HJS Blog - The Scoop

Biden and Russia: Half-Right Is Better than Not Right at All

posted by Martin Kite-Powell at 28/07/2009

 

Joe Biden, the gift that keeps on giving for the Obama administration, is presently under fire for his remarks concerning Russia. On the one hand, Mr. Biden’s comments were fairly accurate about Russia – as they were on his precautions of avoiding Swine Flu (assuming it were actually a pandemic), and his observations about Mr. Obama’s teleprompterism. On the other, of course, as with his previous statements, they were also terribly out of sync with the policy objectives of the administration.

Worse than simply saying too much or being a bit of a loose cannon, however, Mr. Biden’s slips at times have actually had the ring of substance, and while his timing has not appeared very thoughtful, his ideas on occasion seemed that they have been. This poses a significant problem for the administration, because Biden’s outbursts at the end of the day really appear to carry more meat than much of the policy rhetoric coming out of the White House and the State Department.

This is so much the case and occurring with such frequency that one really begins to wonder what Mr. Biden’s political end game might be, if there is one. Is this a case of mere egotism? One might wonder if the administration’s ad hoc policies leave Biden ironically in fear of also being seen as wrong-headed and short-sighted.
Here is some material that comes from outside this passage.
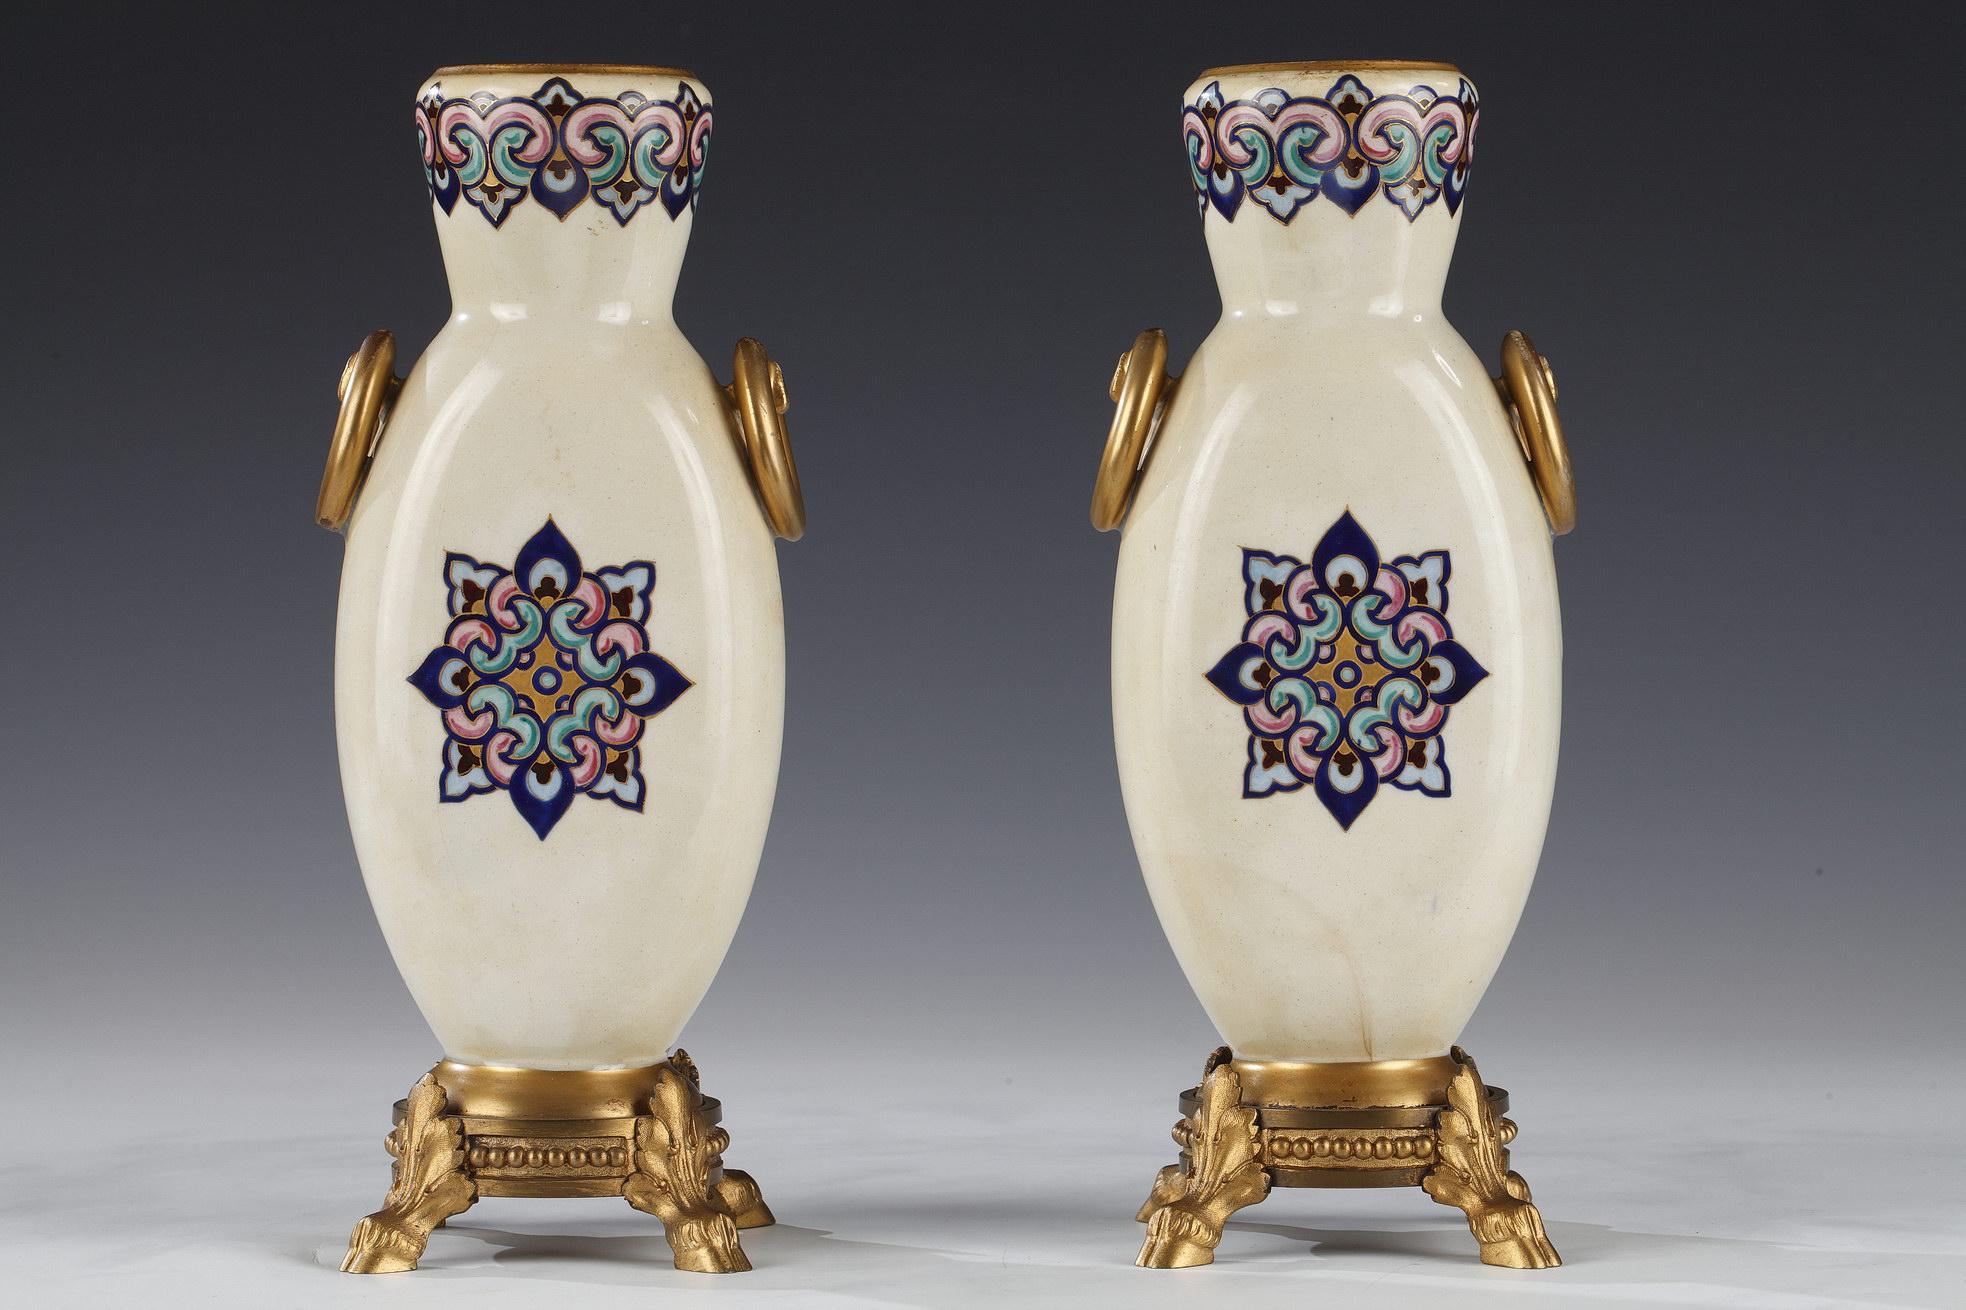 Signed RSA Bellanger

Small pair of polychrome enamel and ivory ceramic vases with gold-rimmed neck, decorated with trompe-l’œil handles in the shape of rings. They are adorned on the belly of painted orientalist water carrier and zither player in

Or is it that, despite his impulsive nature, Biden, an aged widower and father of three sees himself in the frustrating role of a mature counterbalance to an office filled with 20-to-40-somethings, whose surface knowledge of various matters strikes him as somewhat alarming.

This of course is unknowable for the moment, but what we do know is that the Vice President’s analysis of Russia and its current trends today is widely supported and recently very well summed up in an article by George Friedman for Stratfor, which in many respects agrees with Mr. Biden and certainly is not congruent with the Obama view of Russia. In fact, Friedman’s article agreed with a decent amount of Biden’s wider view of Russia, a country of historic contradictions between its economically poor population and powerful state security and military apparatus that also faces imminent decline for demographic reasons. Biden was correct to point out that it will most likely become more difficult for Russia to hold onto an increasing periphery of its territory without the population necessary to sustain it. Republics around Russia’s edges may already be breaking away today while Russia’s population is strong, but parts of Russia proper face both a withering local population and a dramatic increase in immigrant populations from neighboring states, which may become another increasingly significant factor in a future Russian balkanization, much to the dismay of many including Dr. Igor Panarin.

While Mr. Biden’s dismissal of Russia as a significant power was both inaccurate and would be foolish as a policy position, his observations regarding the sustainability of that power and the need for Russia to find a savior other than the one it has clung to for the past millennium – that of empire and repression – was immensely accurate. President Obama’s recent denial of the West’s role in the collapse of the Soviet Union is sadly exemplar of a level of denial about current Russian realities that almost rises to the level of President George W. Bush’s infamous statement about looking into Putin’s eyes and seeing his (good) soul, albeit with the promise of perhaps more naïve actions than rhetoric.

It is certainly not a fault of the administration to wish for better relations with Russia or to wish for good will and positive change on the part of the Kremlin; however, believing that wishes alone make things come to pass is better the domain of children’s bedtime stories than a policy direction undertaken by a head of state. It takes two to press that reset button and the first one to think it was doing so in this case can’t even correctly spell it.

As one Russian commentator put it about Obama’s recent visit to Russia,

It's very American, this 'Yes We Can!' thing, and I hope he doesn't use that kind of language because it's not going to resonate at all with a Russian audience. It has to be a less emotional, less PR-ish kind of style.

Russians probably correctly perceive the US administration as “PR-ish” and out of touch at the moment. In point of fact, Obama’s refusal to even acknowledge what everyone including Communist China and Vladimir Putin himself accept as historical fact suggests an alarming disengagement from past, if not present, geo-political realities. This, perhaps, is the reason that Mr. Biden’s halfway accurate depiction of everything from flu-avoidance to Russo-American relations seems so palatable: a half-truth is still better than no truth at all and the administration does not seem ready to deal with any.